6. Final Calculation and GCD Check

Now we calculate the numerical value of the sum: We know $2^{11} = 2048$. $\sum_{r=0}^5 \frac{{ }^{11} C_{2 r+1}}{2 r+2} = \frac{2048-1}{12} = \frac{2047}{12}$ The problem states that the sum is $\frac{m}{n}$ where $\operatorname{gcd}(m, n)=1$. Here, $m = 2047$ and $n = 12$. We need to check if $m$ and $n$ are coprime. The prime factors of $n=12$ are $2$ and $3$. $2047$ is not divisible by $2$ (it's an odd number).

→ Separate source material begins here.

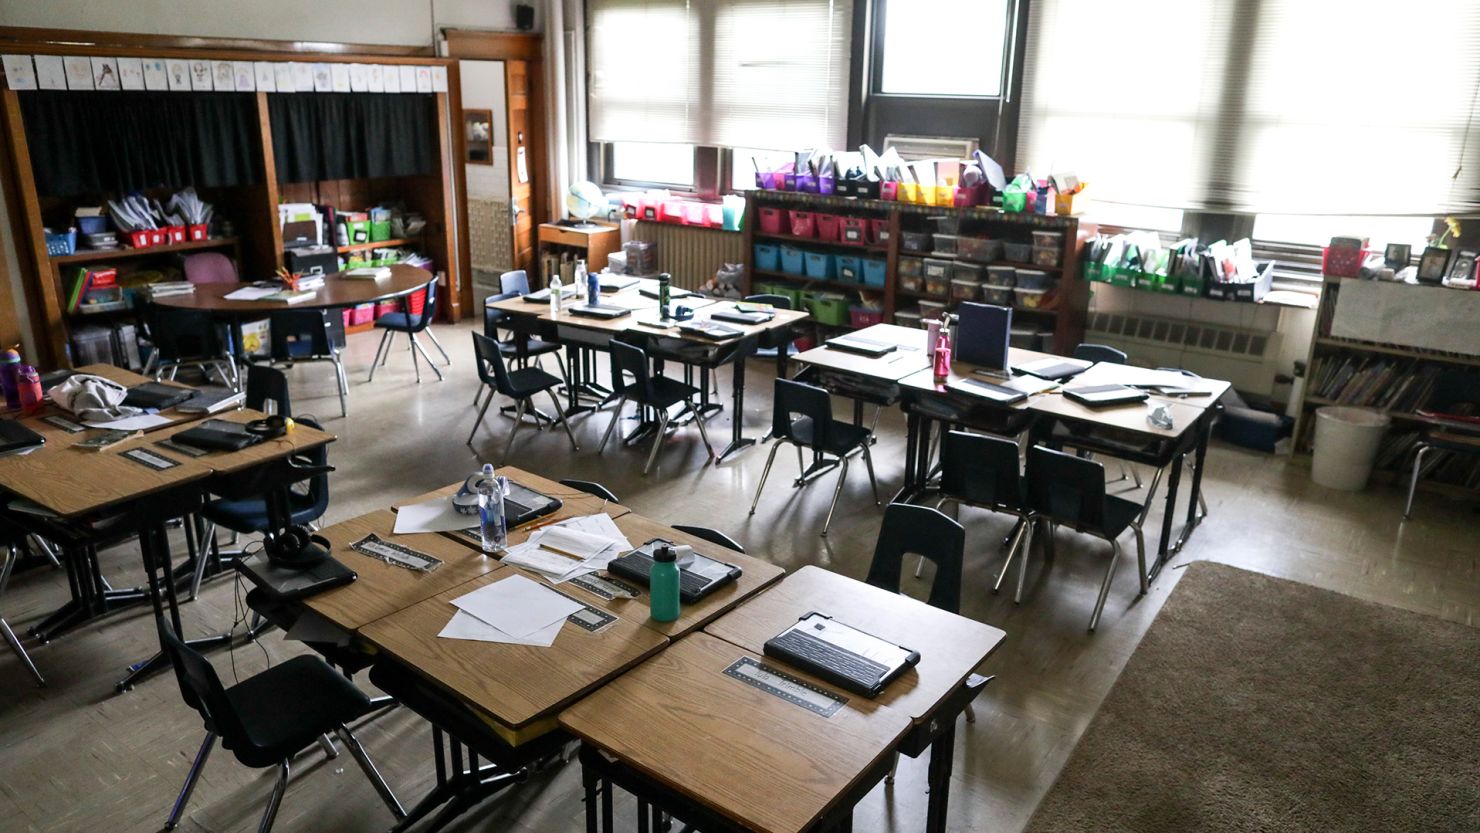 A classroom sits empty as students take a break for lunch on May 24, 2022, at an elementary school in Iowa.

Sum of digits of $2047 = 2+0+4+7 = 13$, which is not divisible by $3$. Therefore, $\operatorname{gcd}(2047, 12)=1$. Finally, we need to find $m-n$: $m-n = 2047 - 12 = 2035$

7. Tips for Success

• Recognize the pattern: When you see binomial coefficients divided by $r+k$, think about integrating the binomial expansion.
• Choose limits wisely: The limits of integration ($0$ to $1$, $-1$ to $0$, etc.) are chosen to simplify the resulting sum and isolate the desired terms.
• Careful with signs: When evaluating definite integrals, especially with negative lower limits, be meticulous with the signs. An error in one sign can completely change the result.
• Check GCD: Always perform the $\operatorname{gcd}$ check to ensure the fraction is in its simplest form before calculating $m-n$.

8. Key Takeaway

This problem demonstrates a powerful technique for evaluating sums involving binomial coefficients divided by linear terms using integral calculus. By integrating the binomial expansion $(1+x)^n$ over suitable intervals and combining the resulting series, we can selectively isolate and sum odd or even indexed binomial coefficients. This method is a versatile tool in combinatorial problems.